In 2007 Sigur Ros put out Hvarf/Heim, which is a cross between a b-side collection and live footage of the band playing intimate shows across their homeland.  And then came Med sud i eyrum vid endalaust (meaning ‘with a buzz in our ears we play endlessly’), the record with the young folk doing a nudie run across the road on the cover.  For the first time Sigur Ros worked with a producer (U2, Nine Inch Nails, Nick Cave, PJ Harvey et al), and the production is more three dimensional, the songs more varied, even if Med sud contains ‘Ara batur’, which is so widescreen Hollywood that you expect some trout-mouthed actress to leap out of the speakers and try to whisk you off to the altar.

And then the band went kaput, at least a temporary-hiatus kind of kaput.

But now we have Inni, which is the essentially the soundtrack to a film of the band playing live in London in 2008.  Where I’m from, for $39 you can get the DVD, two CDs, and the album across three vinyl records, which is quite a bargain.  In Inni, Sigur Ros sound more aggressively electric, which is no doubt because they aren’t playing with Amiina, their regular four-piece string section.  Lead singer Jonsi Birgisson is in extraordinary form, somehow sharing the secrets of his life even though we English-speaking types have no idea what he’s saying because he uses either Icelandic or his own made-up language, or an infuriatingly appealing combination of both.  As usual the band around him is both tight and expressive, although loose-limbed drummer Orri Pall Dyrason can sometimes sound as if he’s barely able to hold it all together.

Jonsi, who in the footage looks like a cross between Jimmy Hendrix and Adam Ant, and his almost pitch-perfect falsetto and his way of playing the guitar – with a violin bow – is undoubtedly the focus of Inni.  But just as important is the film-work by Vincent Morisset.  It is grainy, it is gritty, it is menacing.  Morisset takes us onto the stage, almost as though he wants to give us a first-person experience of the band.  He does not say, look how popular and talented Sigur Ros are; instead he takes us inside the band and beyond.  I mentioned the word menacing, and it’s an appropriate word for Inni.  Sure Sigur Ros can be pretty and beautiful, and yes sometimes they have their Enya moments, but there’s darkness at their core, a terrible darkness; anyone who’s noticed the David Lynch-esque motifs in Heim will know what I mean.  Morisset reveals the band’s gravitas by focussing on the musicians and their music; how revealing are these four men, how unafraid they are of being emotional.

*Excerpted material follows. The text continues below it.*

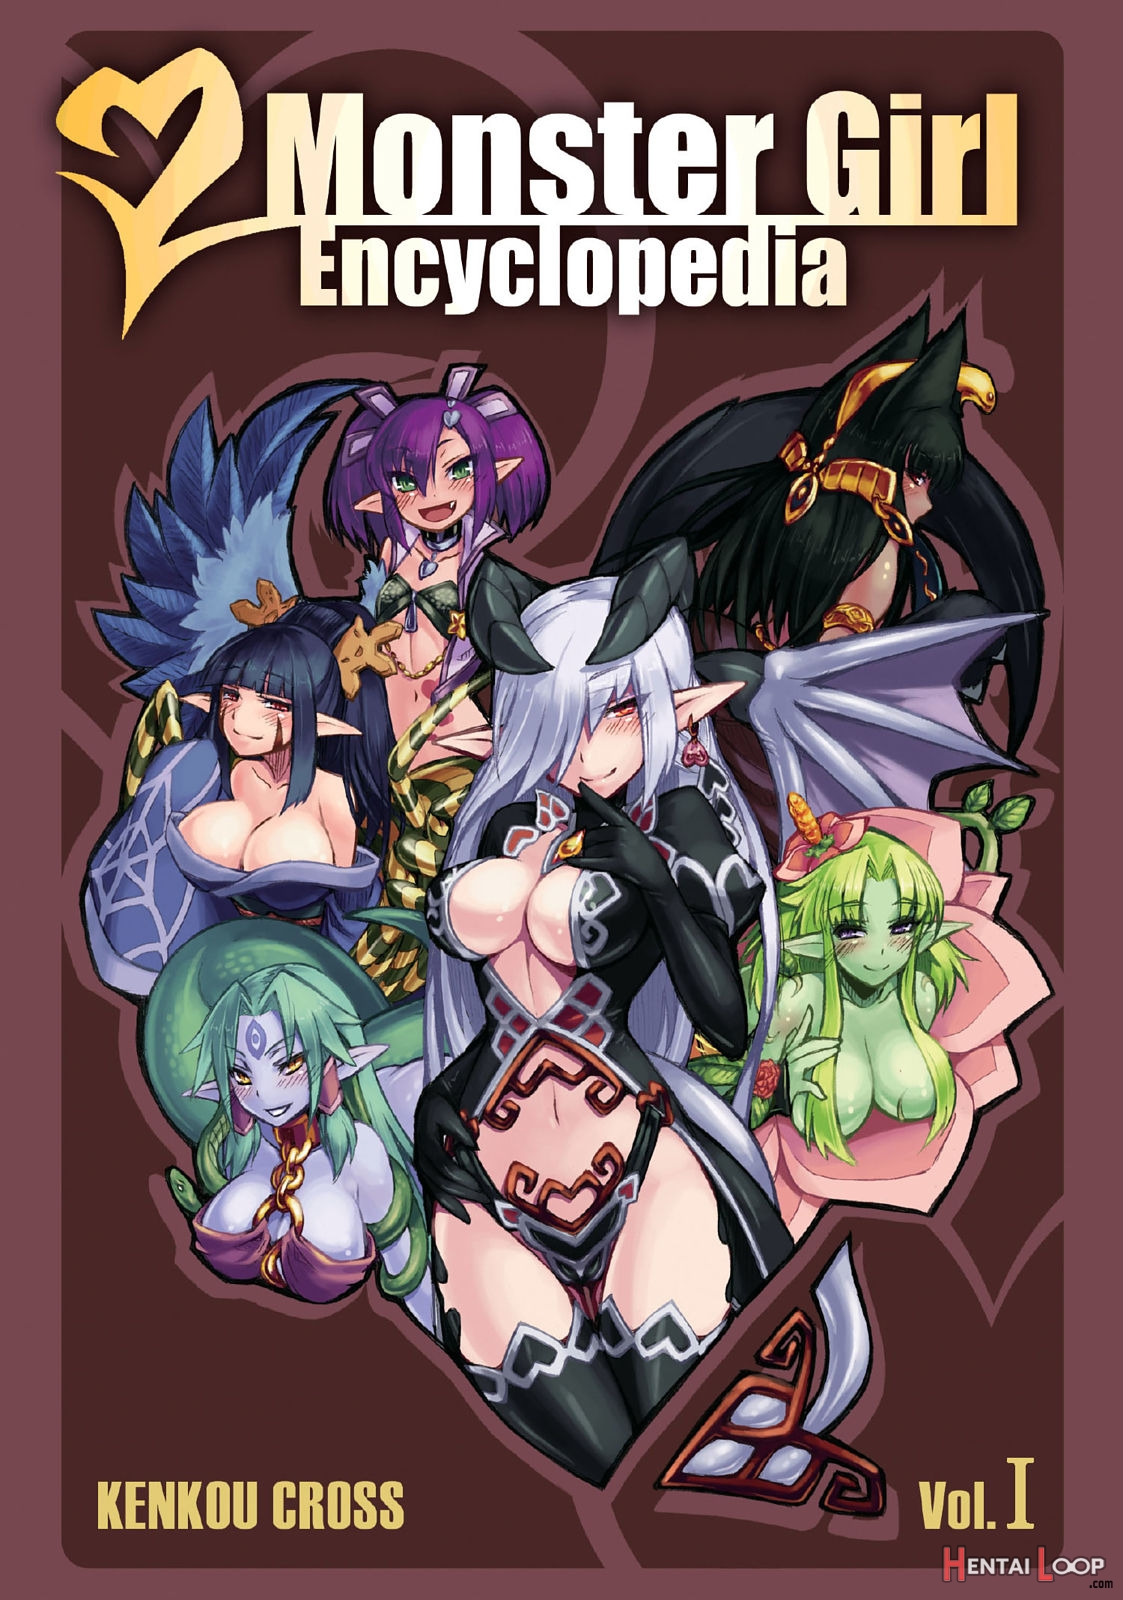 Read Monster Girl Encyclopedia Vol. 1 (by Kenkou Cross) - Hentai doujinshi  for free at HentaiLoop

There’s very little sweetness and light to Inni, which is a good thing.  Especially for days like this one, with the gale-force wind howling around the house, the grim sky, a dead bird in the garbage bin, and a rose-bush stuck together with masking tape.  Because if Sigur Ros says anything it’s this: work fucking hard to live the deepest life possible, because there’s nothing else.